_Exercise directions_
Type out the lines below exactly, pictures excluded.

_The data_
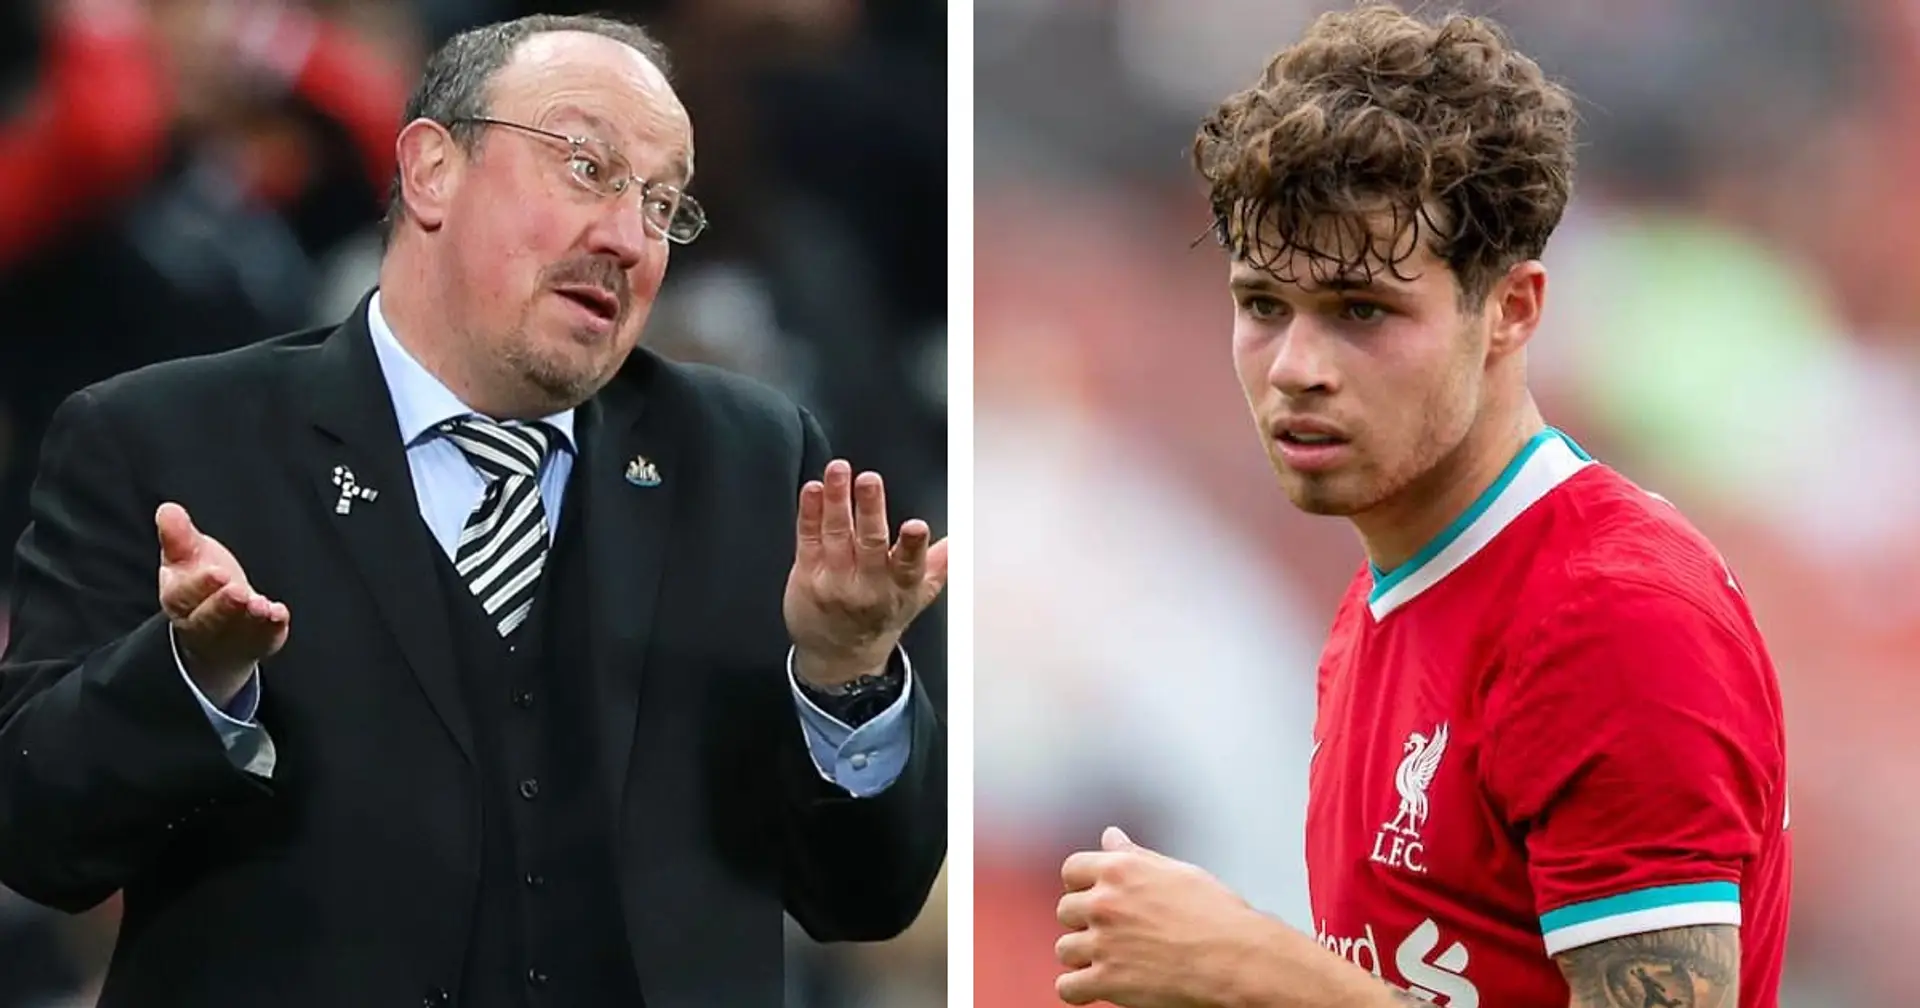 Fan outrage reportedly forces Everton to rule out Benitez hiring & 3 more big stories at Liverpool you might've missed
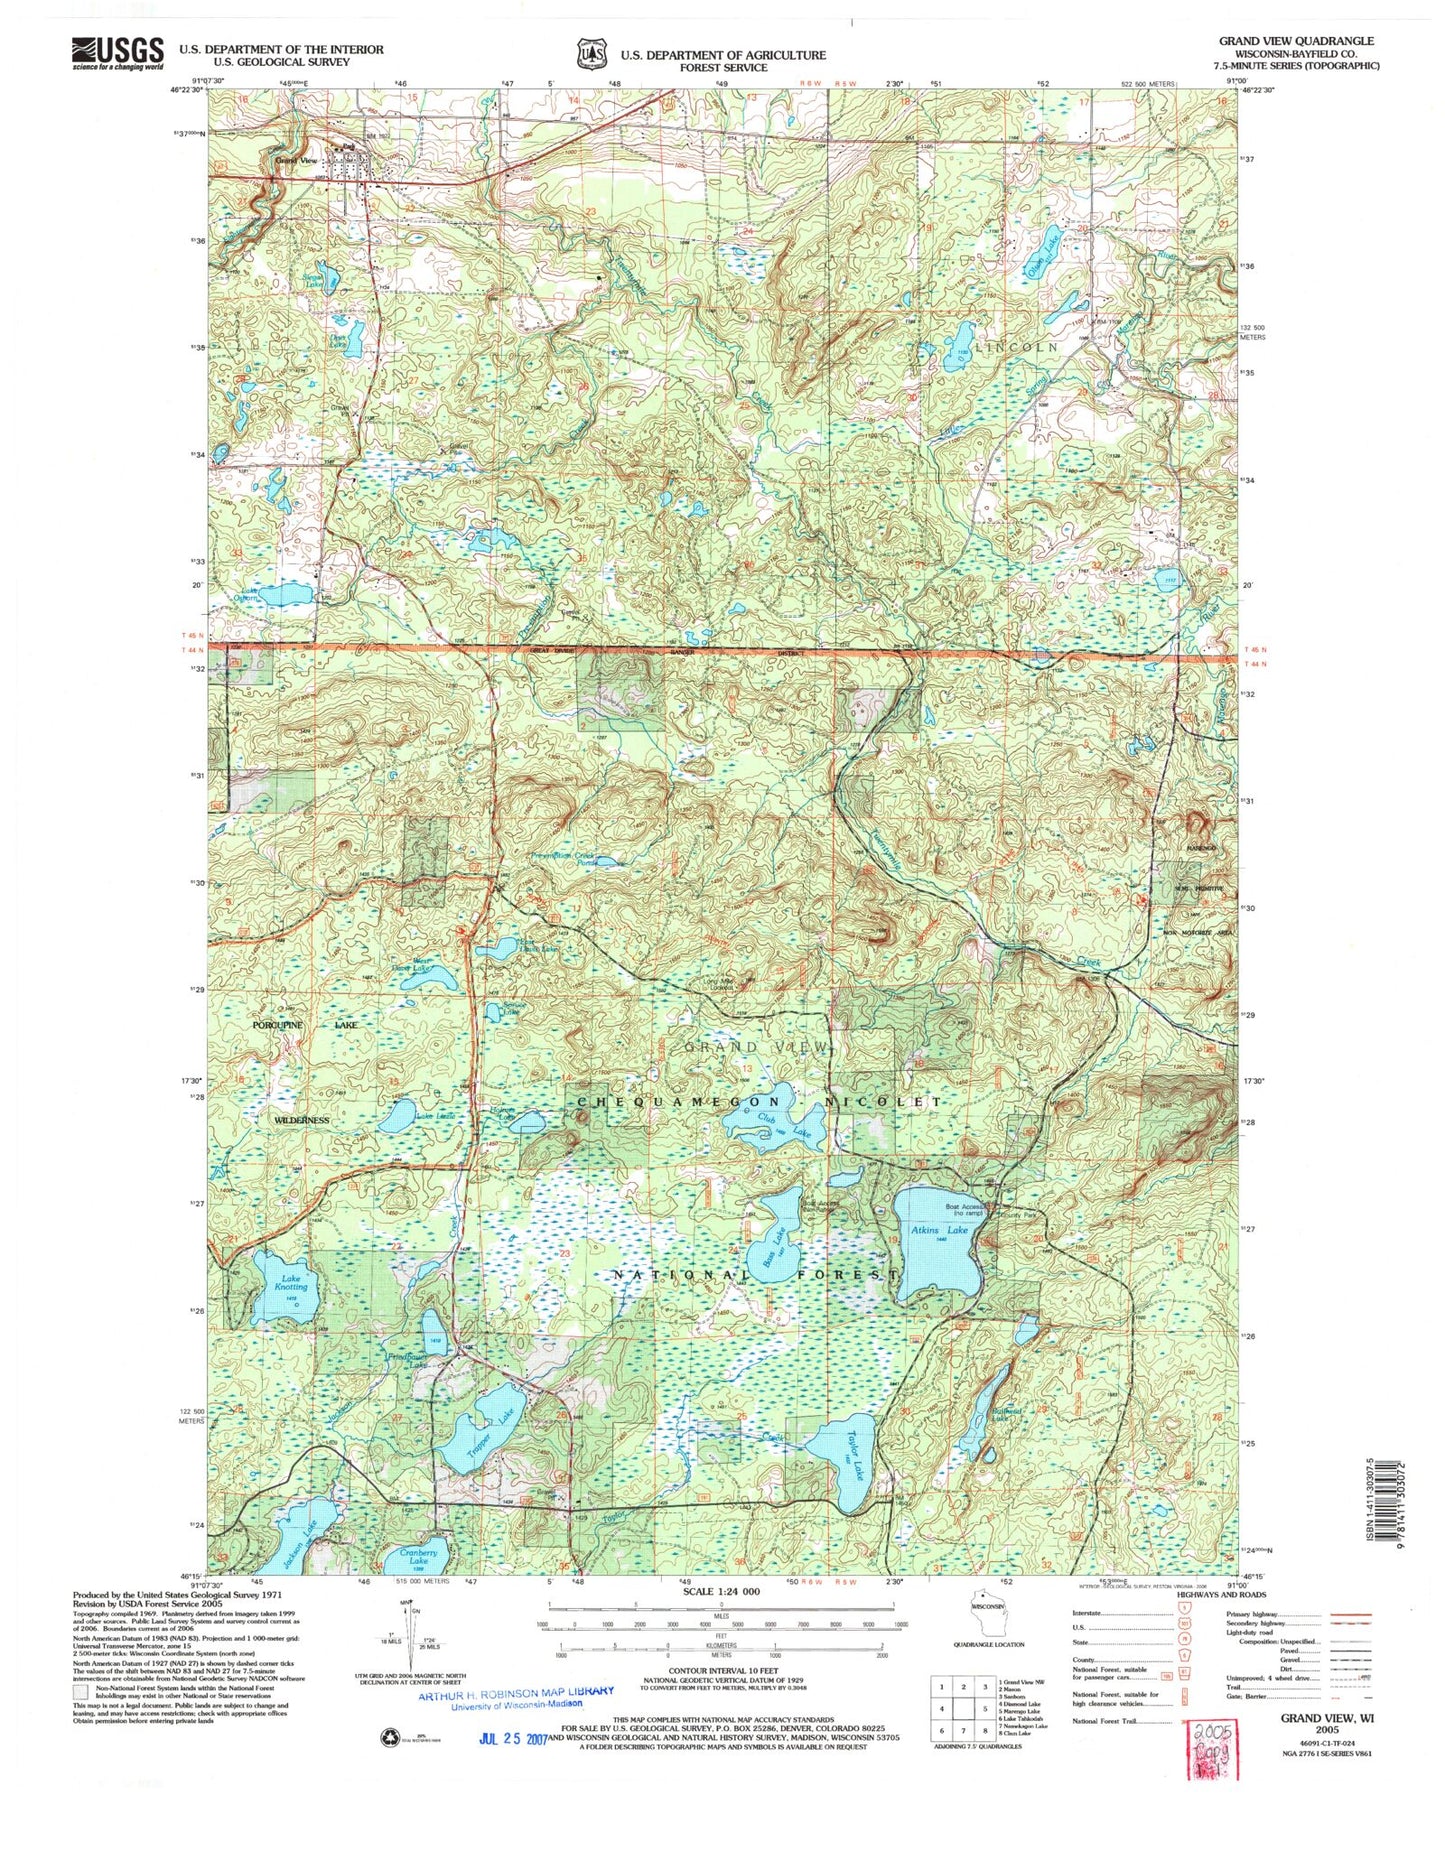 Classic USGS Grand View Wisconsin 7.5'x7.5' Topo Map Image
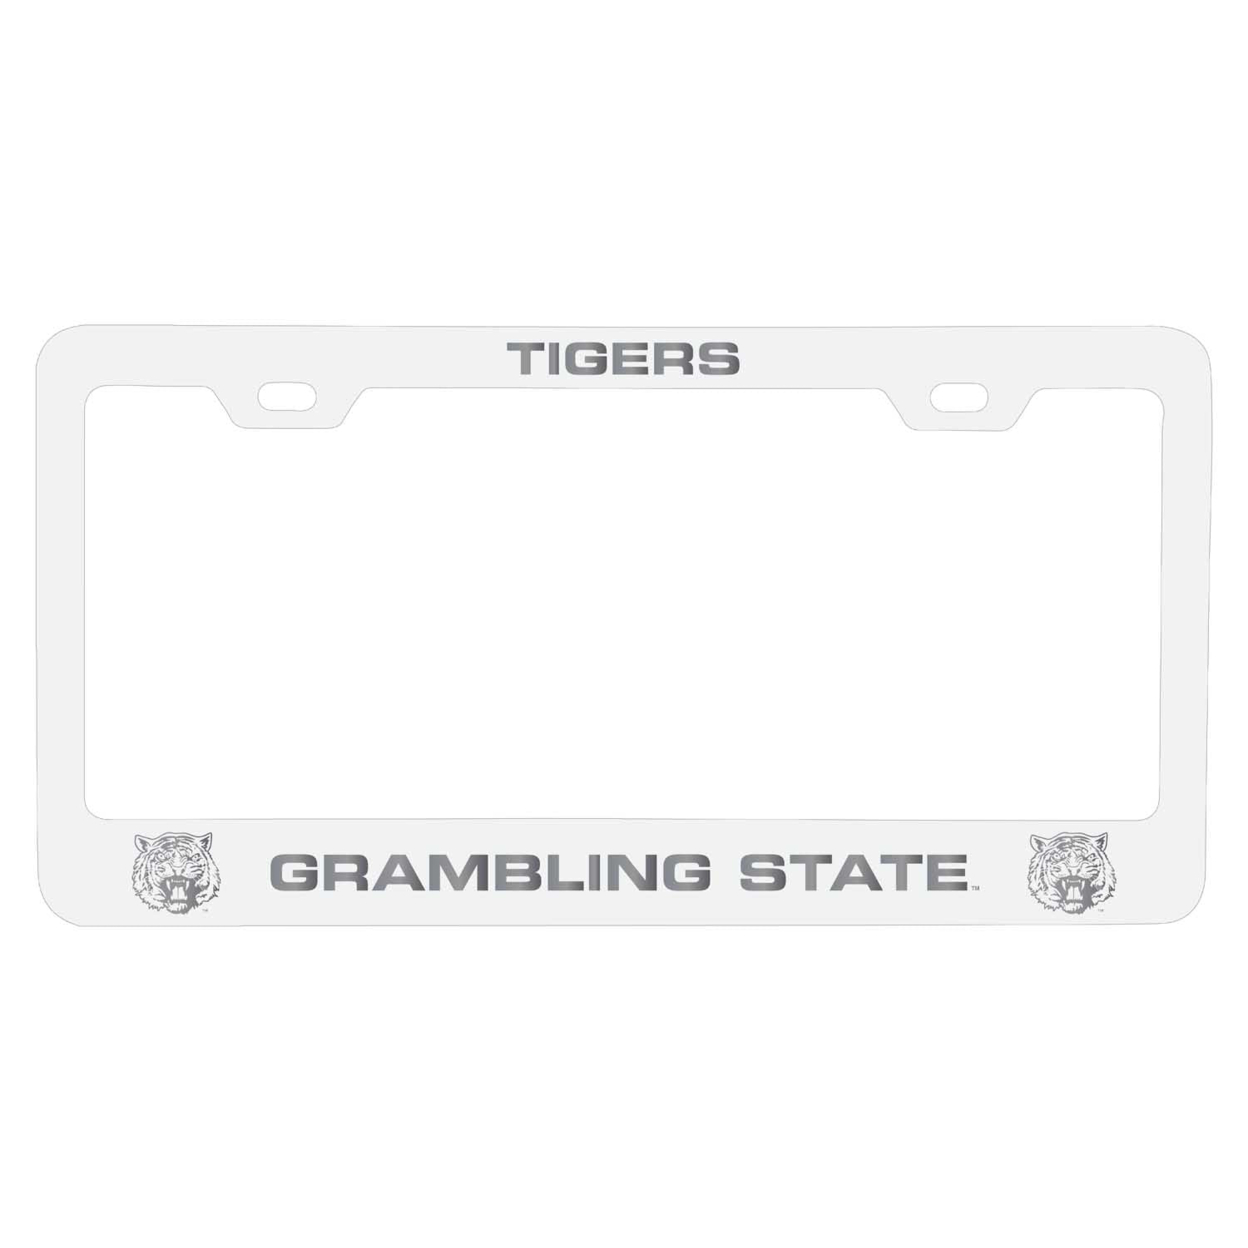 Grambling State Tigers Etched Metal License Plate Frame Choose Your Color
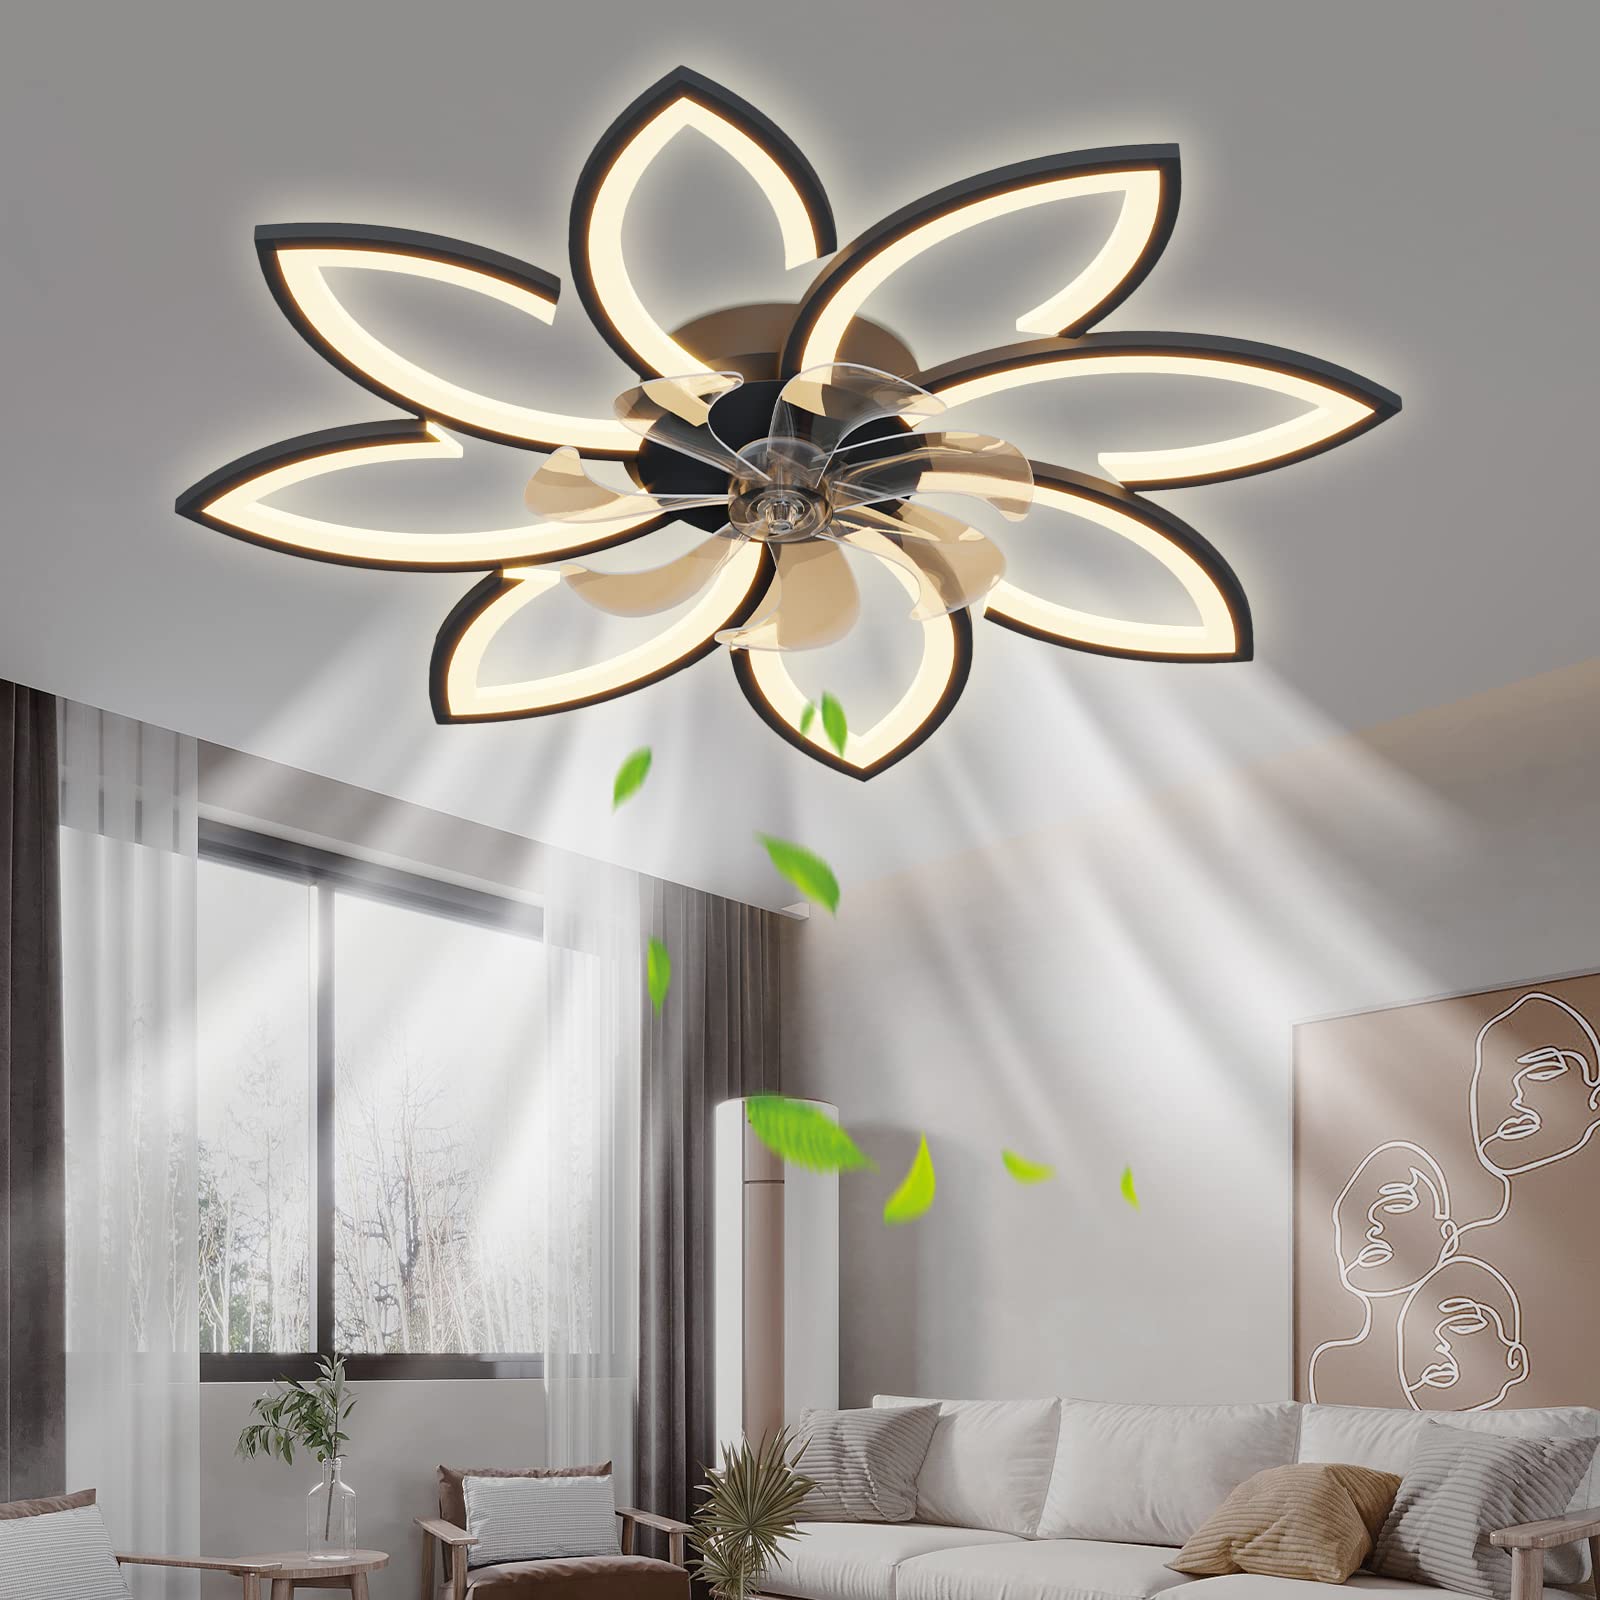 35''Ceiling Fans with Lights, Modern Ceiling Fan with Lights and Remote, Dimmable Bladeless Ceiling Fans LED Light, Low Profile Ceiling Fan 6 Speed Reversible Blades Timing, for Bedroom (Black)

_Exercise result_
 Fan outrage reportedly forces Everton to rule out Benitez hiring & 3 more big stories at Liverpool you might've missed
 Classic USGS Grand View Wisconsin 7.5'x7.5' Topo Map Image
 Grambling State Tigers Etched Metal License Plate Frame Choose Your Color
 35''Ceiling Fans with Lights, Modern Ceiling Fan with Lights and Remote, Dimmable Bladeless Ceiling Fans LED Light, Low Profile Ceiling Fan 6 Speed Reversible Blades Timing, for Bedroom (Black)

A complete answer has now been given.